When he reached university age he left for Coimbra as family tradition required and announced that the moment had come for him to give up his studies of cosmic laws and dedicate himself to the laws of man. He was now a tall, solid boy with a blond beard that gave him a majestic, almost arrogant look. In Coimbra he discovered love, read Michelet and Proudhon and, instead of studying the laws used to apply the justice of the time, got excited by the idea of a new justice based on the equality and dignity of man. He pursued this idea with the passion he had inherited from his island forebears, but likewise with the reason of the man he was, for he was convinced that justice and equality formed part of the geometry of the world. In the perfect, closed form of the sonnet, he expressed the ardor that possessed him and his eagerness for truth. He left for Paris and became a typesetter, the way someone else might have become a monk, because he wanted to experience physical tiredness and the concreteness of manual tools. After France he went to England and then North America, living in New York and Halifax, so as to get to know the new metropolises man was building and the different ways of life they engendered. By the time he went back to Portugal he had become a socialist. He founded the National Association of Workers, travelled and made converts, lived among the peasants, passed through his own islands with the fiery oratory of the demagogue; he came against the arrogance of the powerful, the flattery of the sly, the cowardliness of servants. He was animated by disdain and wrote sonnets full of sarcasm and fury. He also experienced the betrayal of certain comrades and the ambiguous alchemy of those who manage to combine the common good with their own advantage.
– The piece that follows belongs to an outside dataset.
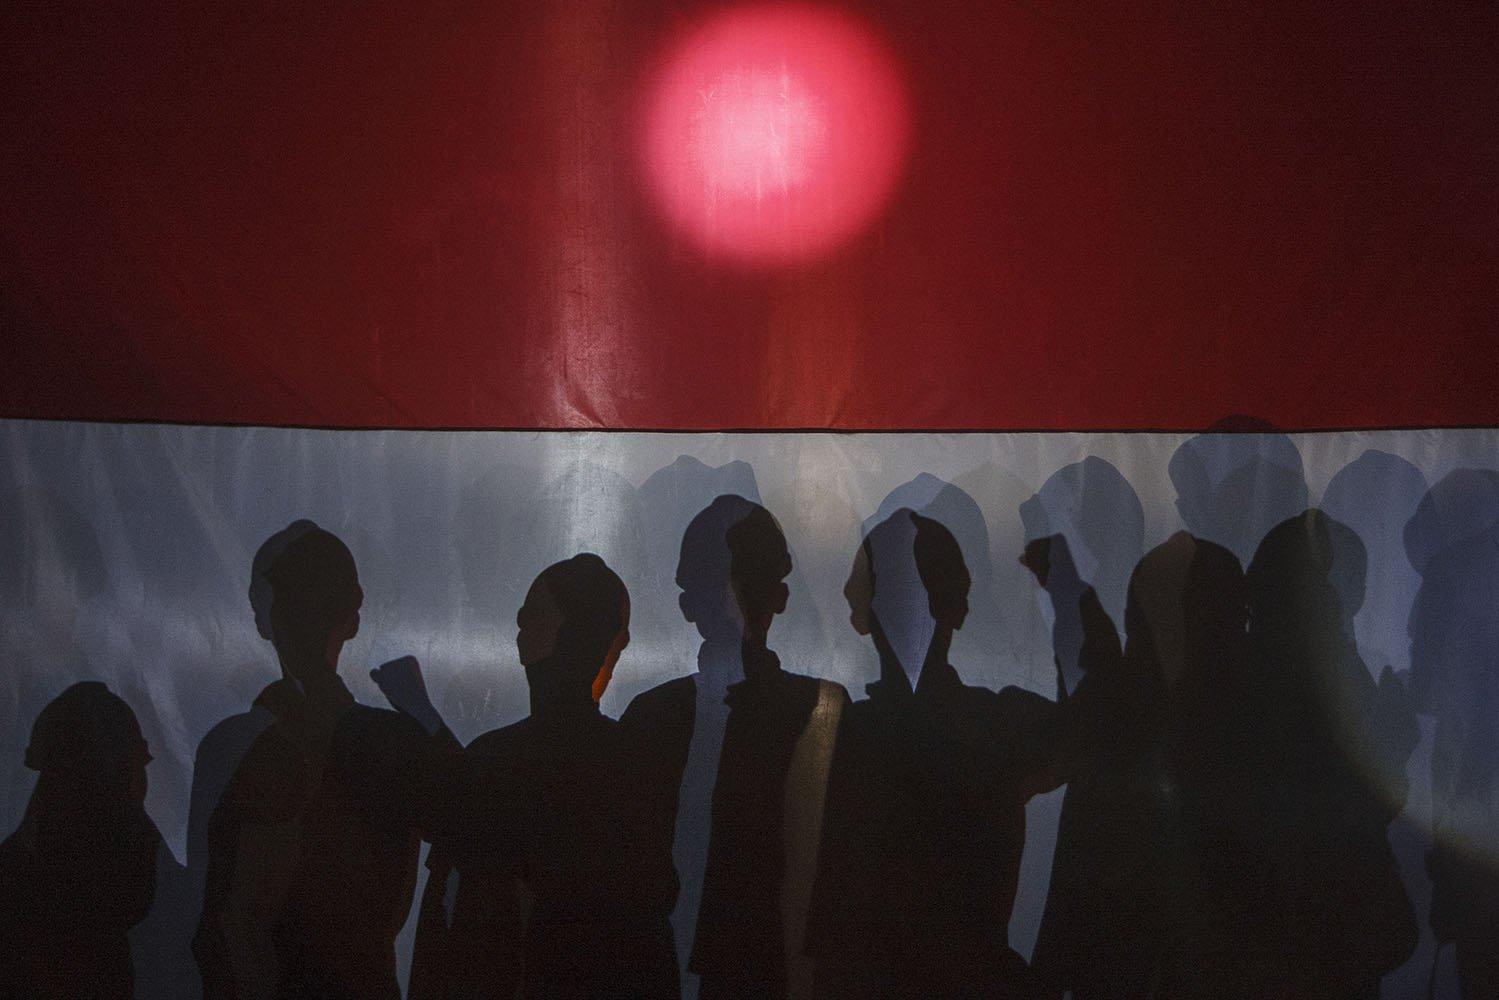 Peserta mengikuti upacara bendera di dalam Gua Jlamrong, Desa Ngeposari, Semanu, Gunungkidul, DI Yogyakarta, Kamis (17/8). Kegiatan yang diikuti warga dan penggiat alam bebas tersebut untuk memperingati HUT ke-72 RI.
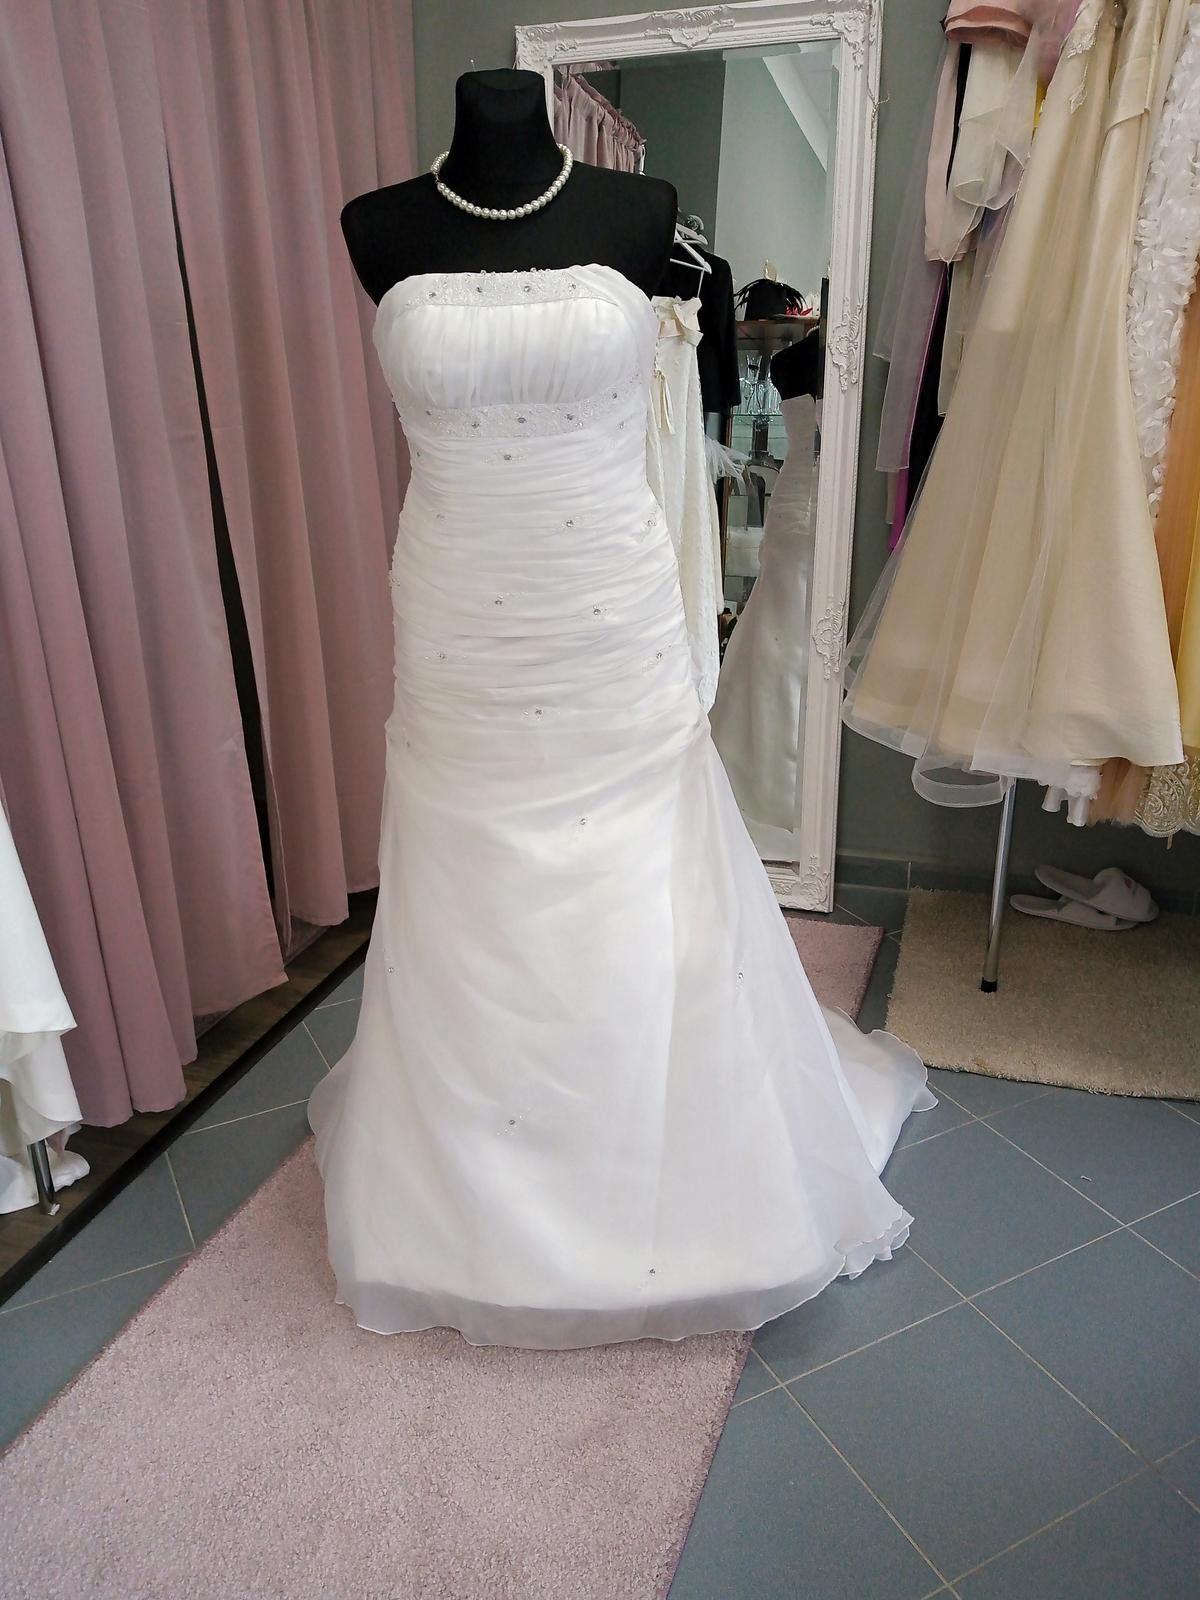 Biele svadobné šaty - Obrázok č. 1

He realized he would have to leave it to others more able than himself to press on with the work he had begun, almost as though that work no longer belonged to him. The time had come for practical men, and he was not practical. This filled him with a sense of desolation, like a child who loses his innocence and suddenly discovers how vulgar the world is. He wasn’t even fifty yet and his face was deeply scored. The eyes had sunk into hollows and his beard was going grey. He began to suffer from insomnia and in the rare moments when he did sleep would let out low muffled cries. Sometimes he had the impression his words did not belong to him and often to his surprise he would catch himself talking out loud alone as if he were somebody else talking to himself, Antero. A Parisian doctor diagnosed hysteria and prescribed electric shock therapy. In a note, Antero wrote that he was suffering from “the infinite,” and perhaps in his case this was the more plausible explanation. Perhaps he was just tired of this transitory, imperfect form of the ideal and of passion, his yearning now taking him toward another kind of geometrical order. In his writings, the word nothing began to appear, seeming to him now the most perfect form of perfection. In his forty-ninth year he returned to his native island.